Так вот, видимо, под влиянием всего этого, в том числе и только что прогремевшей грозы 1905 года, мама не захотела быть обыкновенной сельской попадьей, обрастающей детьми и хозяйством, и нашла свою форму служения народу, свой жизненный путь и призвание. Вернулась она акушеркой, и с тех пор, до последнего года ее жизни, я помню это ее служение народу: родильных домов тогда не было, и вот ночь-полночь, в осеннюю слякоть и зимнюю стужу, возле нашего дома останавливается подвода, мама собирает свой инструментарий и едет куда-то принимать в мир нового человека для прохождения жизни. Вот почему ее образ остался во мне самым светлым, самым святым на всю мою жизнь. И дай бог, чтобы на свете было больше таких людей, как она, моя мама.
Только много позже мне стали известны некоторые детали и обстоятельства этой ее поездки в Калугу, нашедшие свое несомненное отражение в нравственной и идейной атмосфере нашей семьи того времени и, в какой-то степени, коснувшиеся и моего бытия. Это — ее близкое знакомство с многочисленной и очень демократической семьей интереснейшего человека, учителя железнодорожной школы Семена Макаровича Пшенай-Северина, с именем которого связано и развитие революционной мысли в Калуге. Близость этого знакомства подтверждается тем, что семья эта приняла впоследствии самое непосредственное участие в похоронах мамы, которая, по стечению обстоятельств, умерла и была похоронена в Калуге, и именно в этой семье происходили ее так называемые поминки.

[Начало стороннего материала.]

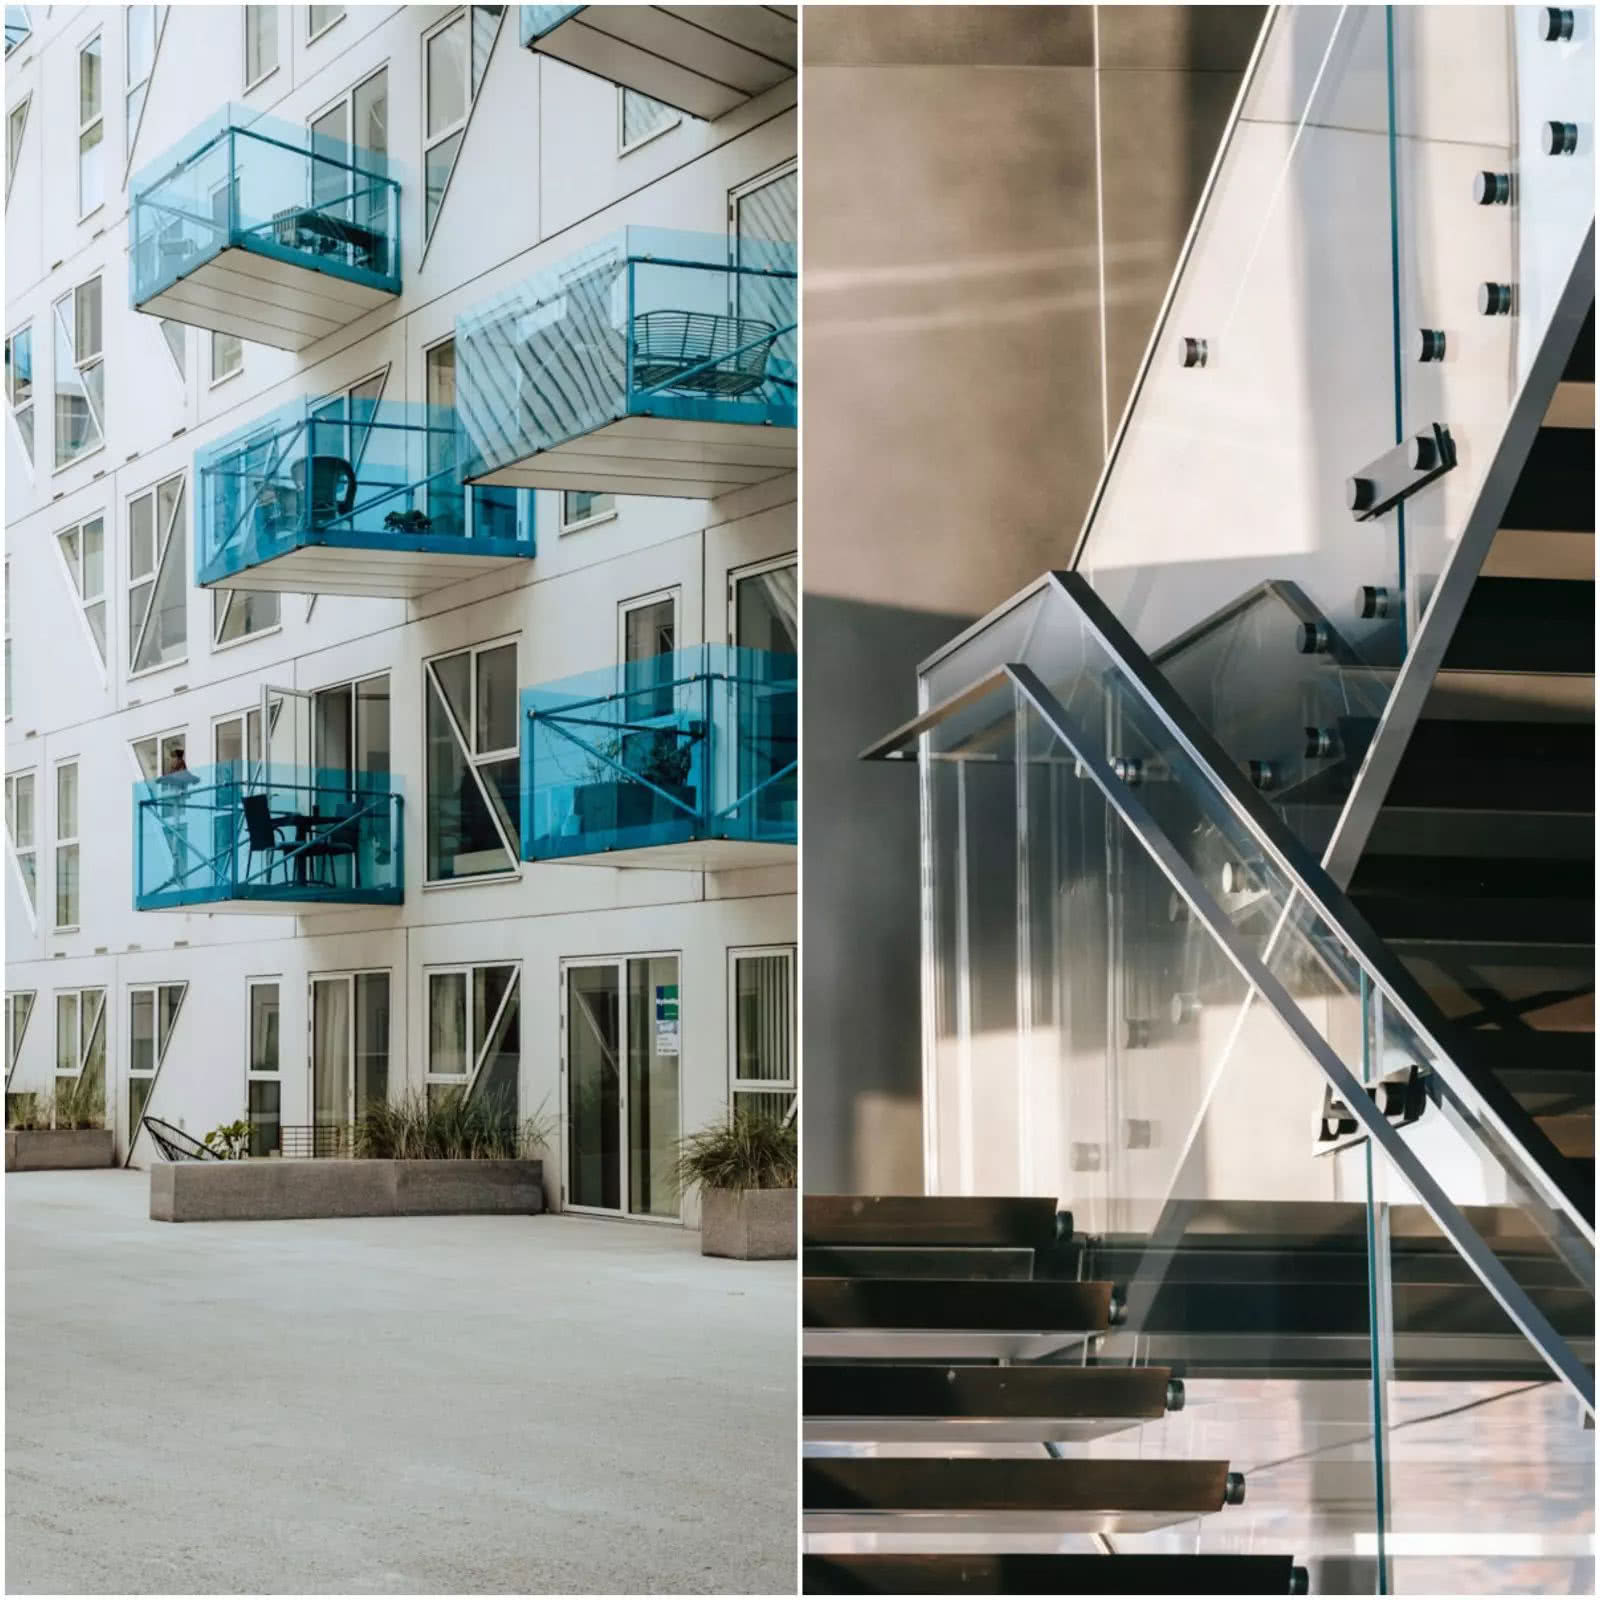 Balustrady balkonów i schodów wykonane ze szkła bezpiecznego. fot. Pilkington IGP
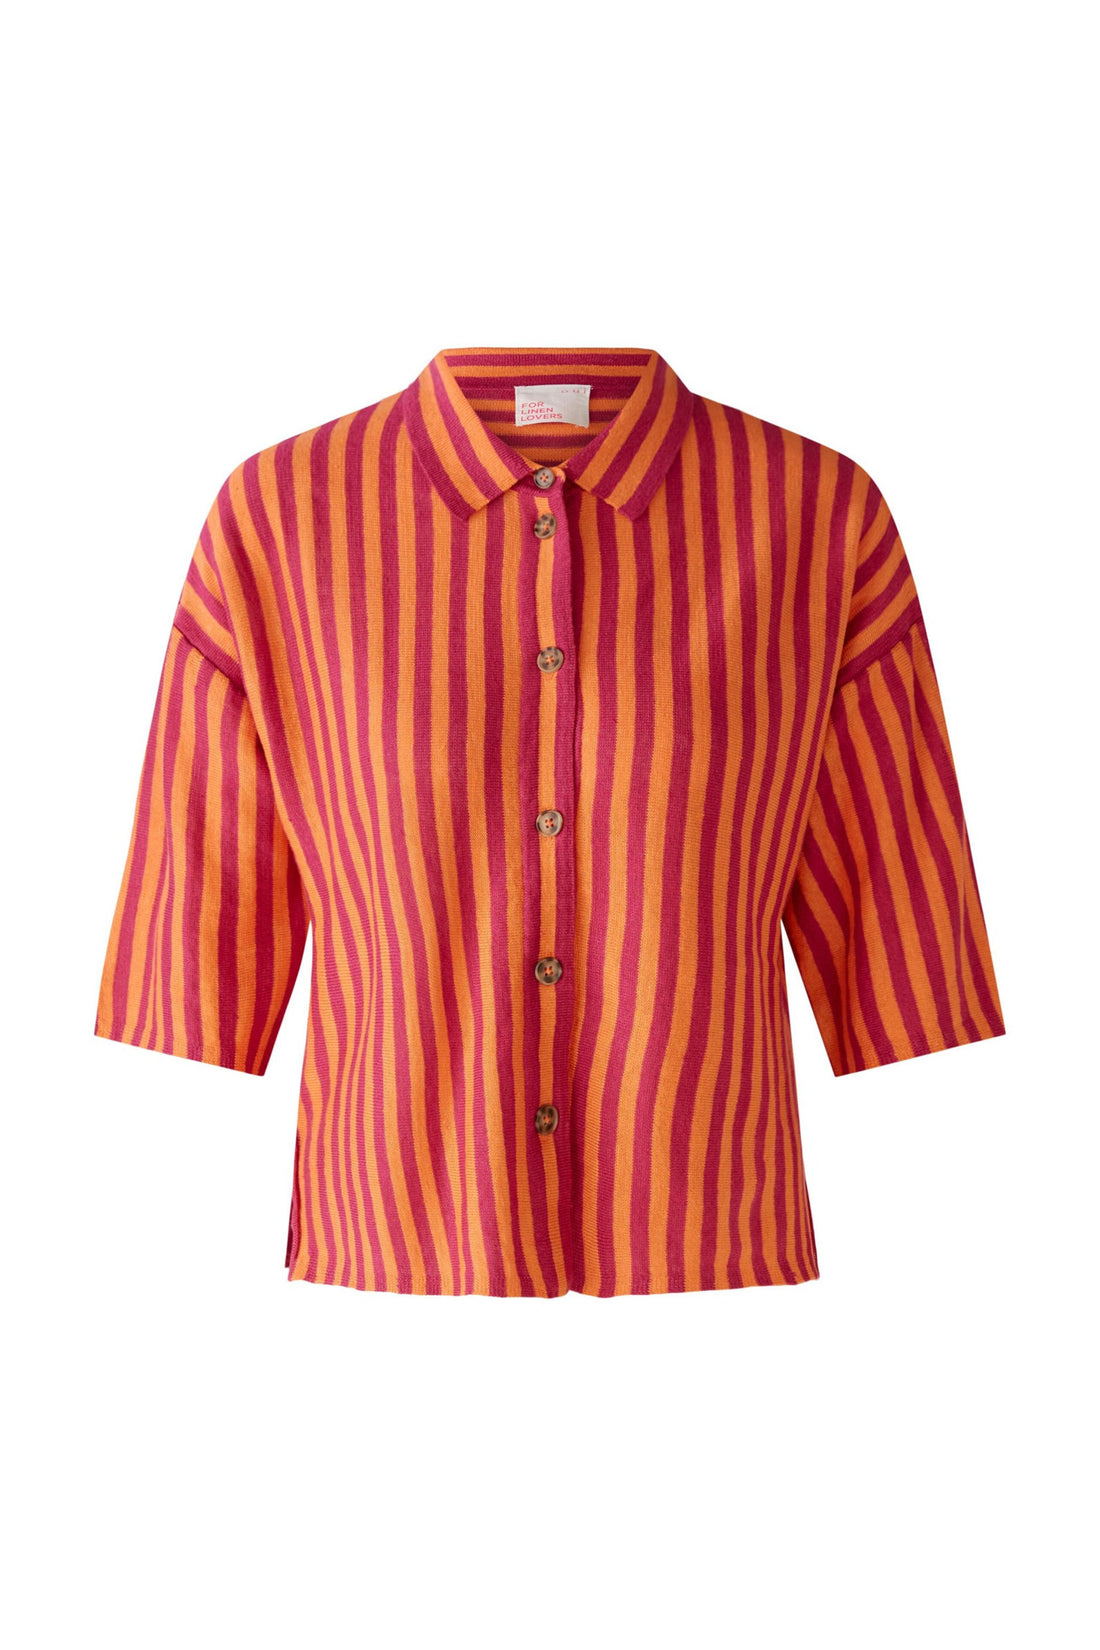 Striped Short Sleeve Button Up Shirt_87299_0342_01

С отцом все было сложнее, хотя, может быть, и интересней. С ним связано больше лет жизни, больше возникавших в процессе этой жизни вопросов, осмысливаний и переживаний, больших и маленьких, и острых, доходивших до серьезных споров и даже ссор, и трагических, вплоть до его гибели в огне пожарища при уходе немцев в результате разгрома их под Москвой. Изгнанный в порядке классовой политики из своего дома, разбитый параличом, он жил в это время под присмотром чужой сердобольной женщины в маленькой, из шести домов, деревушке Утешево, прилепившейся на краю красивого оврага, и оттуда примерно в июле сорок первого, когда уже обозначились размеры народного бедствия, я получил от него последнее, писанное карандашом, письмо и до сих пор кляну себя за то, что в сутолоке военного времени не сумел уберечь его, — настолько чисто, без копоти, горел в нем непотухающий огонь русской души, оказавшейся снова перед лицом исторических испытаний. Он знал, что этих испытаний он не переживет, и потому письмо было прощальным, и с нами и с жизнью.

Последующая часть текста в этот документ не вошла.